Overview
Nature has been doing R&D for 3.8 billion years. Whatever problem we are trying to solve (flying, sticking, filtering water), nature has probably already solved it—and done it more efficiently, without toxic waste. Biomimicry is the humility to ask: “How would nature do this?”
Core Idea
The core idea is Nature as Mentor. Instead of trying to dominate nature, we should emulate it. Nature runs on sunlight, uses only the energy it needs, fits form to function, and recycles everything.
Formal Definition
The imitation of the models, systems, and elements of nature for the purpose of solving complex human problems.
Intuition
- Human Engineering: Heat, beat, and treat. We make things by heating metal to 2000 degrees and pounding it. It’s energy-intensive and wasteful.

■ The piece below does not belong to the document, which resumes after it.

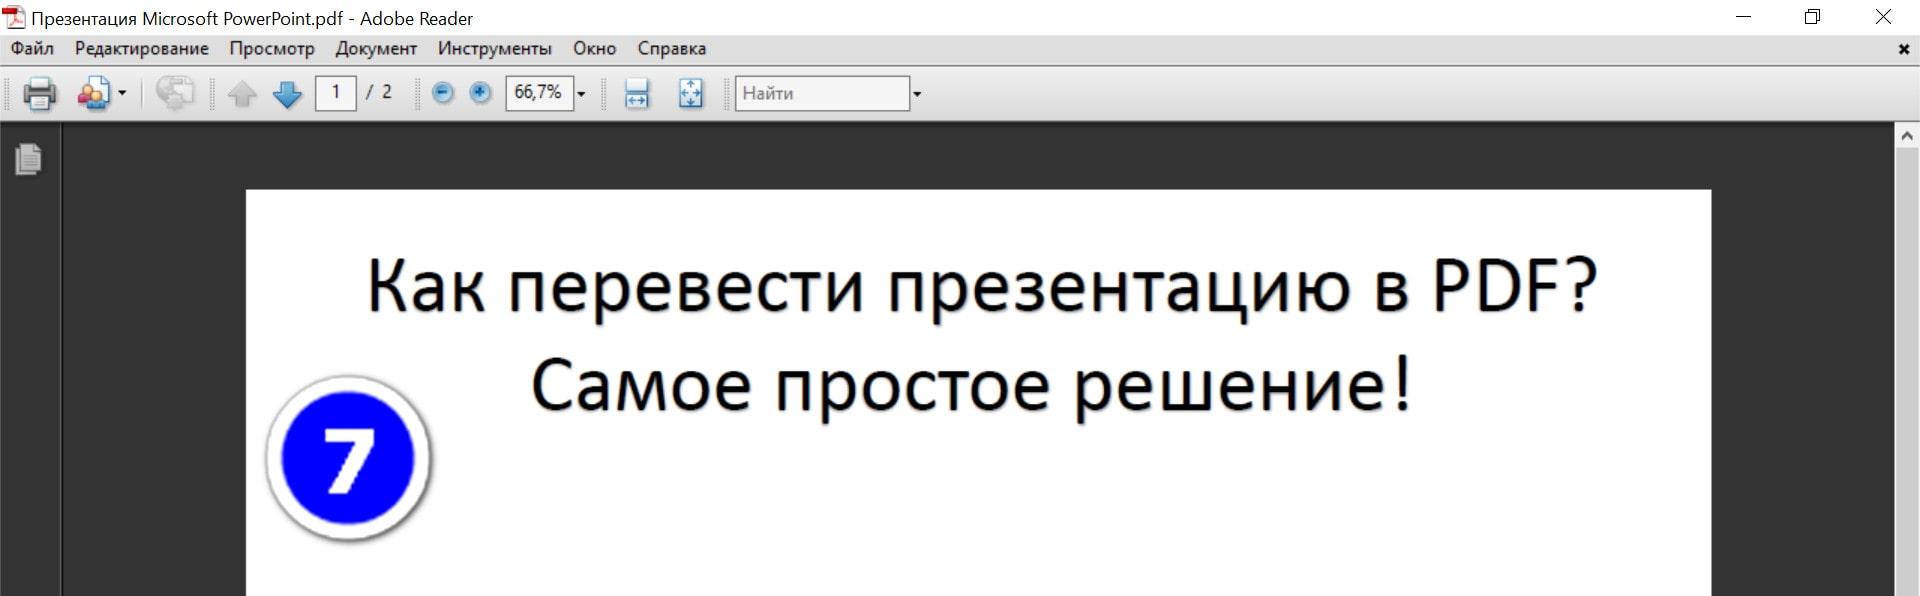 Презентация переведена в PDF формат-min
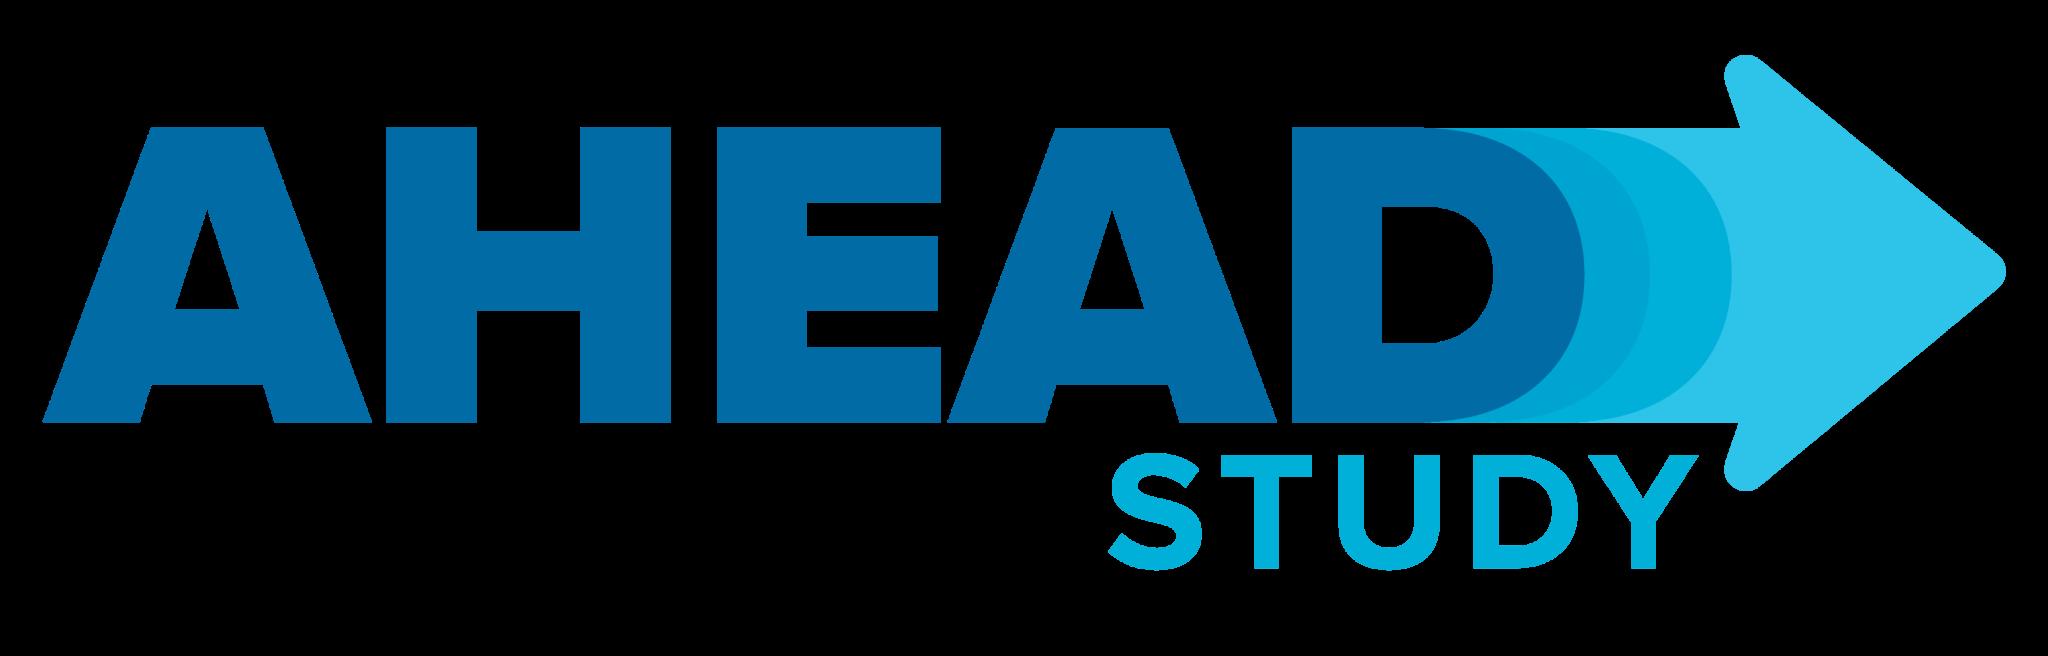 AHEAD 3-45 Alzheimer's study logo

- Nature’s Engineering: A spider makes silk (stronger than steel) at room temperature, using water and dead flies. It is elegant and sustainable.
Examples
- Velcro: Invented by George de Mestral after he took his dog for a walk and got burrs stuck in its fur. He looked at the burrs under a microscope and saw tiny hooks. He mimicked them to create the hook-and-loop fastener.
- Shinkansen Bullet Train: The train was so fast it created a sonic boom when entering tunnels. The engineer (a birdwatcher) redesigned the nose to look like the beak of a Kingfisher (which dives into water without a splash). It made the train quieter and 10% more efficient.
- Sharkskin Swimsuits: Shark skin has tiny scales (denticles) that reduce drag. Speedo copied this texture for swimsuits, which were so fast they were banned from the Olympics.
Common Misconceptions
- It’s just “using nature”: Using wood to build a house is bioutilization. Designing a concrete that heals itself like skin is biomimicry.
- It’s always green: You can use biomimicry to make a better weapon. It’s a tool, not a moral philosophy (though the movement emphasizes sustainability).
Related Concepts
- Circular Economy: An economy where there is no waste, only food for the next cycle. Modeled on ecosystems.
- Generative Design: Using AI to evolve designs (like a bone structure) rather than drawing them.
Applications
- Architecture: Buildings that cool themselves like termite mounds (The Eastgate Centre in Zimbabwe).
- Wind Turbines: Blades with bumps on the edge like a Humpback Whale fin, which increases lift.
Criticism / Limitations
- Complexity: Nature is incredibly complex. It is hard to copy a spider’s spinneret. We often can only copy the shape, not the chemistry.
Further Reading
- Benyus, Janine. Biomimicry: Innovation Inspired by Nature. 1997. (The book that started the movement).
- Pawlyn, Michael. Biomimicry in Architecture. 2011.